Task to carry out | Give back the data in full. Leave nothing out.

###

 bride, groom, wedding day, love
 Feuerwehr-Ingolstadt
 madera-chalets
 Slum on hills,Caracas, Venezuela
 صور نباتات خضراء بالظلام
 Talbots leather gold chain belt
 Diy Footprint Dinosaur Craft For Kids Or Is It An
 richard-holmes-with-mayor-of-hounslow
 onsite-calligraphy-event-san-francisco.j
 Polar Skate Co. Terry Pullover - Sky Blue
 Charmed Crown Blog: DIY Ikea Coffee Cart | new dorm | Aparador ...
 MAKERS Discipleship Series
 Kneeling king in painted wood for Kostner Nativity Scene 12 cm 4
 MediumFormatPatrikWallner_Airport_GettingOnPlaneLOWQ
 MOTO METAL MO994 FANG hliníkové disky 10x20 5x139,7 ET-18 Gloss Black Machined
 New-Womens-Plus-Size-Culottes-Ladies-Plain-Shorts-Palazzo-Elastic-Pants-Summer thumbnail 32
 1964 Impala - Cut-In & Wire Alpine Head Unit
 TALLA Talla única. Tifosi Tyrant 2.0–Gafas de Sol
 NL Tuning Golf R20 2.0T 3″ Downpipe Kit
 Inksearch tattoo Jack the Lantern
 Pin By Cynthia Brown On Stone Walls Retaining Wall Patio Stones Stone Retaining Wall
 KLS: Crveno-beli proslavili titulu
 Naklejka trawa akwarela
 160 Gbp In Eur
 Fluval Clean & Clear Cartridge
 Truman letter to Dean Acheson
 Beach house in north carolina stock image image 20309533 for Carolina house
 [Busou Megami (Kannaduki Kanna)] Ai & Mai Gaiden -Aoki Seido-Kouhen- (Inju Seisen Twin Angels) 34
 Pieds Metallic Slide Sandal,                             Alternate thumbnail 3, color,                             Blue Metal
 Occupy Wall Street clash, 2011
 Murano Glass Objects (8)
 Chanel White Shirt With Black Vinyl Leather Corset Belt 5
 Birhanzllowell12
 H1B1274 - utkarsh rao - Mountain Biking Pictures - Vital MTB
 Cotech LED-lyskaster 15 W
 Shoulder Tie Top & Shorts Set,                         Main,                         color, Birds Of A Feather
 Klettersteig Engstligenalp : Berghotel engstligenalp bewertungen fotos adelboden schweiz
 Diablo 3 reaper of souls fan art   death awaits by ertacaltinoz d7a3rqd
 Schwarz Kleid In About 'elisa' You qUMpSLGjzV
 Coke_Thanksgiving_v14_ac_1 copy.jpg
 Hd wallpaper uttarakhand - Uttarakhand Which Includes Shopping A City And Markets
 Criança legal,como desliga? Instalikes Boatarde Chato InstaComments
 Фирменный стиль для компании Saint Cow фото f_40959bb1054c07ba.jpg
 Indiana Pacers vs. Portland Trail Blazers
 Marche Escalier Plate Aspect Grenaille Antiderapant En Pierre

###

Finished task |
 bride, groom, wedding day, love
 Feuerwehr-Ingolstadt
 madera-chalets
 Slum on hills,Caracas, Venezuela
 صور نباتات خضراء بالظلام
 Talbots leather gold chain belt
 Diy Footprint Dinosaur Craft For Kids Or Is It An
 richard-holmes-with-mayor-of-hounslow
 onsite-calligraphy-event-san-francisco.j
 Polar Skate Co. Terry Pullover - Sky Blue
 Charmed Crown Blog: DIY Ikea Coffee Cart | new dorm | Aparador ...
 MAKERS Discipleship Series
 Kneeling king in painted wood for Kostner Nativity Scene 12 cm 4
 MediumFormatPatrikWallner_Airport_GettingOnPlaneLOWQ
 MOTO METAL MO994 FANG hliníkové disky 10x20 5x139,7 ET-18 Gloss Black Machined
 New-Womens-Plus-Size-Culottes-Ladies-Plain-Shorts-Palazzo-Elastic-Pants-Summer thumbnail 32
 1964 Impala - Cut-In & Wire Alpine Head Unit
 TALLA Talla única. Tifosi Tyrant 2.0–Gafas de Sol
 NL Tuning Golf R20 2.0T 3″ Downpipe Kit
 Inksearch tattoo Jack the Lantern
 Pin By Cynthia Brown On Stone Walls Retaining Wall Patio Stones Stone Retaining Wall
 KLS: Crveno-beli proslavili titulu
 Naklejka trawa akwarela
 160 Gbp In Eur
 Fluval Clean & Clear Cartridge
 Truman letter to Dean Acheson
 Beach house in north carolina stock image image 20309533 for Carolina house
 [Busou Megami (Kannaduki Kanna)] Ai & Mai Gaiden -Aoki Seido-Kouhen- (Inju Seisen Twin Angels) 34
 Pieds Metallic Slide Sandal,                             Alternate thumbnail 3, color,                             Blue Metal
 Occupy Wall Street clash, 2011
 Murano Glass Objects (8)
 Chanel White Shirt With Black Vinyl Leather Corset Belt 5
 Birhanzllowell12
 H1B1274 - utkarsh rao - Mountain Biking Pictures - Vital MTB
 Cotech LED-lyskaster 15 W
 Shoulder Tie Top & Shorts Set,                         Main,                         color, Birds Of A Feather
 Klettersteig Engstligenalp : Berghotel engstligenalp bewertungen fotos adelboden schweiz
 Diablo 3 reaper of souls fan art   death awaits by ertacaltinoz d7a3rqd
 Schwarz Kleid In About 'elisa' You qUMpSLGjzV
 Coke_Thanksgiving_v14_ac_1 copy.jpg
 Hd wallpaper uttarakhand - Uttarakhand Which Includes Shopping A City And Markets
 Criança legal,como desliga? Instalikes Boatarde Chato InstaComments
 Фирменный стиль для компании Saint Cow фото f_40959bb1054c07ba.jpg
 Indiana Pacers vs. Portland Trail Blazers
 Marche Escalier Plate Aspect Grenaille Antiderapant En Pierre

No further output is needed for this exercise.